DEA — Easterly Government Properties

Government-leased REIT. AGI Score 6/10. P/TB 0.77. 93 properties leased to US Government agencies. 8.1% dividend yield | Analysis date: 2026-03-13

Stock Price — DEA

Why are we looking at this?

AGI Score 6/10 — Physical Bottleneck. Easterly owns Class A commercial properties leased to US Government agencies through the GSA. 93 operating properties, 10.4M sq ft, average 9.5 years remaining lease term. Backed by the full faith and credit of the US Government. Trading at 0.77x book with an 8.1% dividend yield. The question: is this an undervalued infrastructure play with government-backed cash flows, or is DOGE/government downsizing a real risk?

$21.99
Stock Price
$1.14B
Market Cap
0.77x
Price / Book
$343M
Revenue
$12M
Net Income
$259M
Operating Cash Flow
$1.33B
Stockholders Equity
81.4x
P/E (GAAP, misleading)
8.13%
Dividend Yield

1. The Business

Easterly acquires, develops, and manages Class A properties for mission-critical US Government agencies. Only 55 employees — an extremely lean operation.

2. Balance Sheet

As a REIT, total assets are primarily investment properties carried at depreciated cost. Stockholders equity of $1.33B backs $28.60/share book value vs $21.99 market price = 23% discount to book.

Key Metrics

3. AGI Impact Analysis

AGI Score: 6/10 — Physical Bottleneck (Government)

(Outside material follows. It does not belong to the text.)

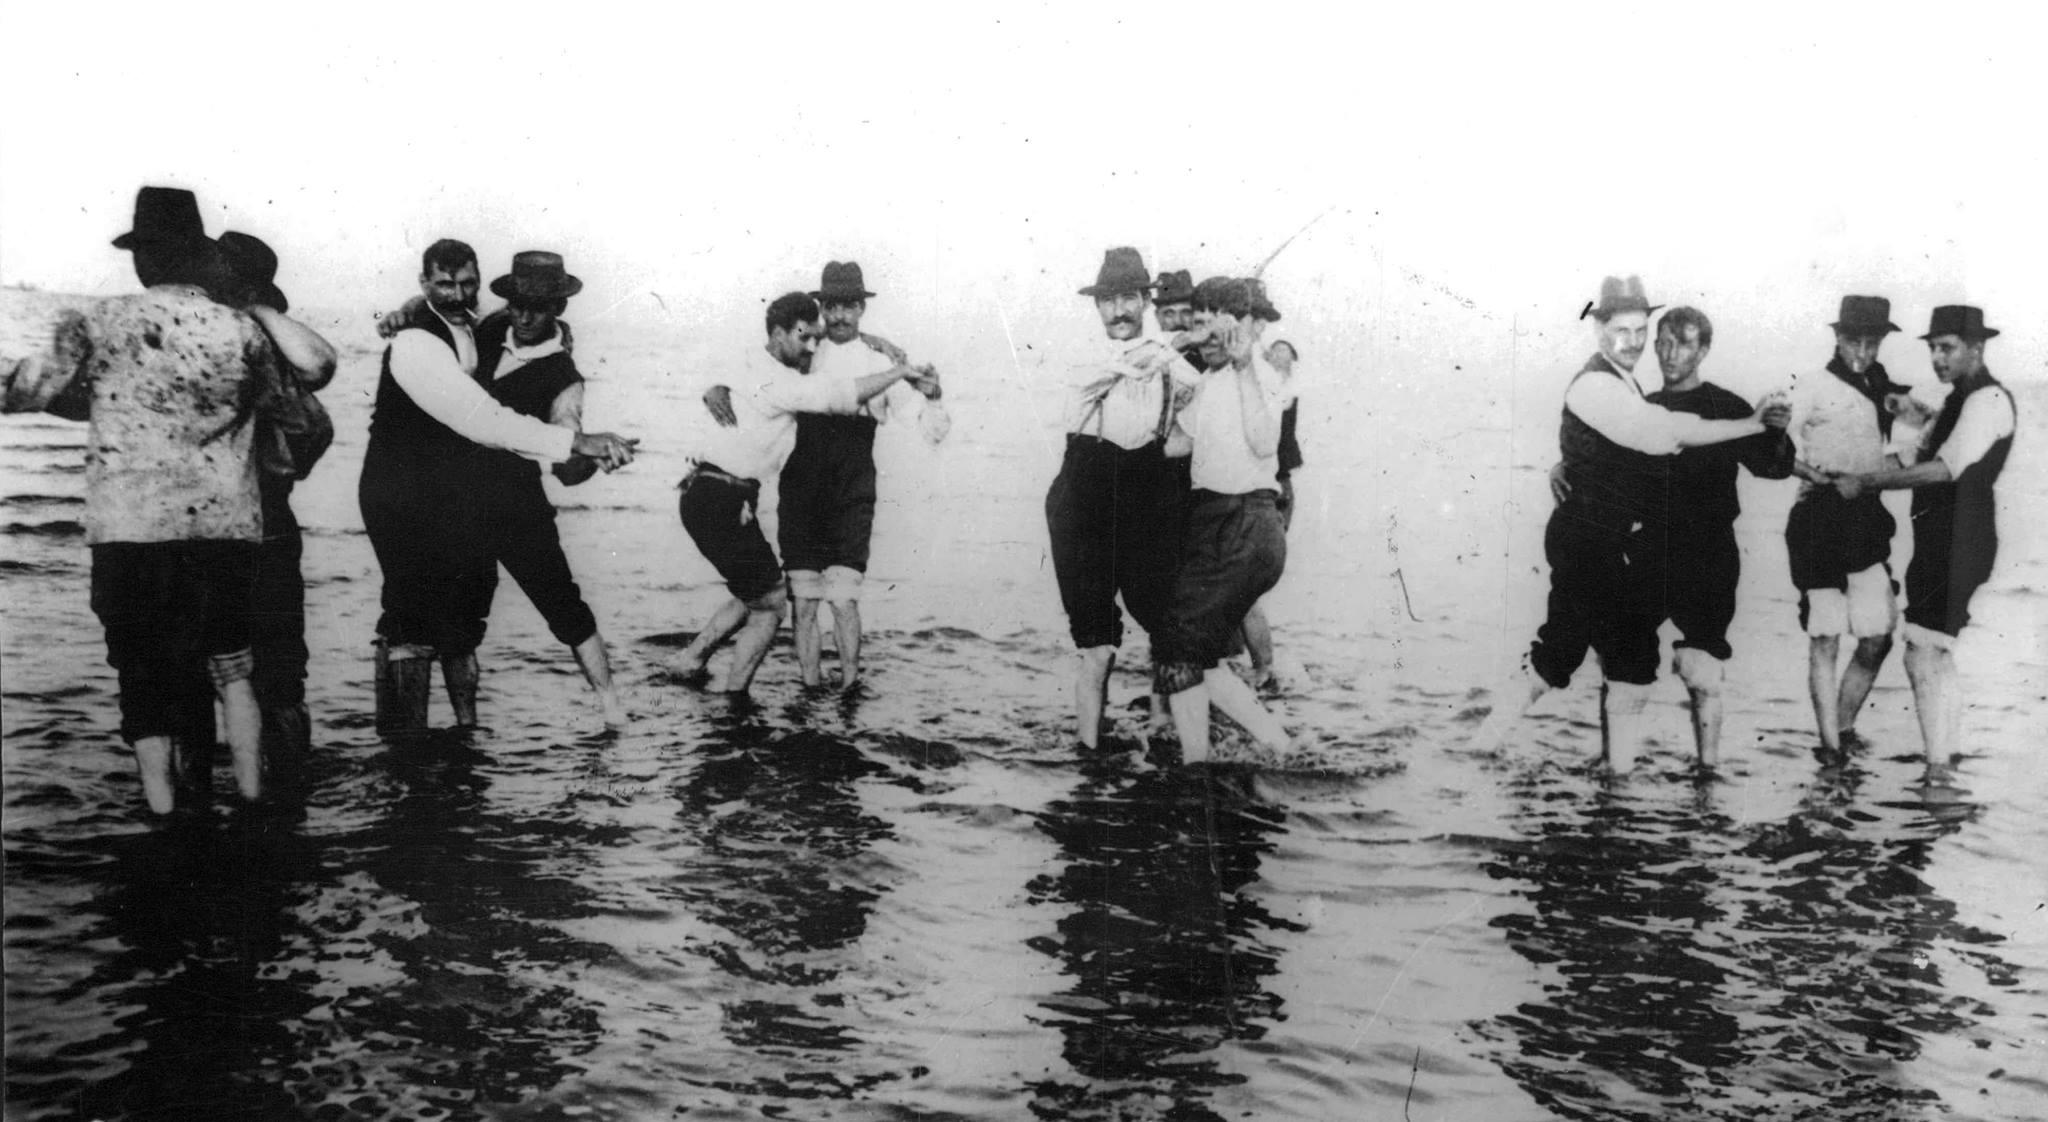 Buenos Aires: Striking Railway Workers in 1912

Mission-critical agencies (FBI, DEA, VA) require secure physical facilities that cannot be virtualized. AGI may reduce some government office demand, but law enforcement, courts, and healthcare facilities need physical space. The real risk is DOGE-style government downsizing reducing headcount and space needs. Long-term leases (9.5yr avg) provide a buffer.

4. 10x Analysis (Backwards)

What price gives us 10x?

Current market cap: $1.14B. 10x = $11.4B. Not realistic for a small government REIT.

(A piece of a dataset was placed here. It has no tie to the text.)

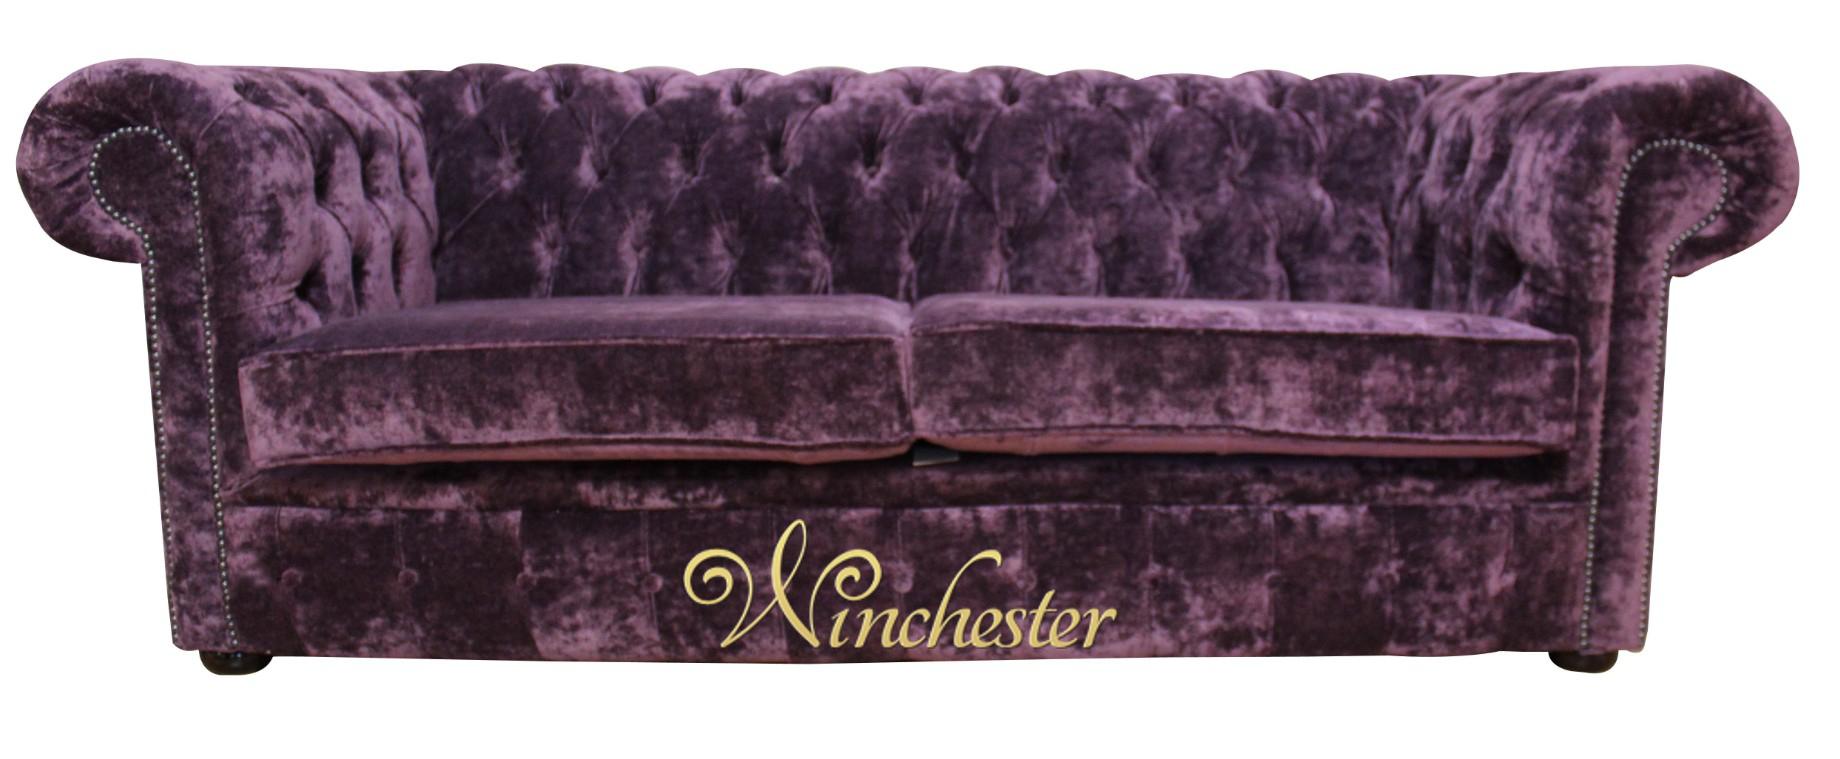 Aubergine Leather Sofa Grover Leather Sofa Brighton Aubergine ...

This is an income play, not a growth play. 8.1% dividend yield, well-covered. If you reinvest dividends, total return ~12-15%/yr from dividends + modest appreciation. Over 10 years, that's 3-4x.

Floor price: $16-18/share (0.55-0.65x book). With government-backed leases and 22% OCF yield, the downside is limited. The dividend would yield 10-11% at $16.

Entry zone: Below $18 this becomes very attractive on a risk-adjusted income basis.

5. Key Risks

6. Initial Assessment

Summary — WATCHLIST (Income Play)

DEA is a high-quality income vehicle. Government-backed leases, 8.1% yield, 22% OCF yield, 0.77x book. The DOGE/downsizing fear is real but likely overblown for mission-critical agencies (FBI, DEA can't work from home).

Not a 10x. A 3-4x total return over 10 years with high current income. Compelling below $18/share.

Floor price: $16-18. At that level, dividend yield exceeds 10% with government credit backing.

Data sources: SEC EDGAR XBRL, yfinance, 10-K filing, AGI scoring model. Analysis date: 2026-03-13.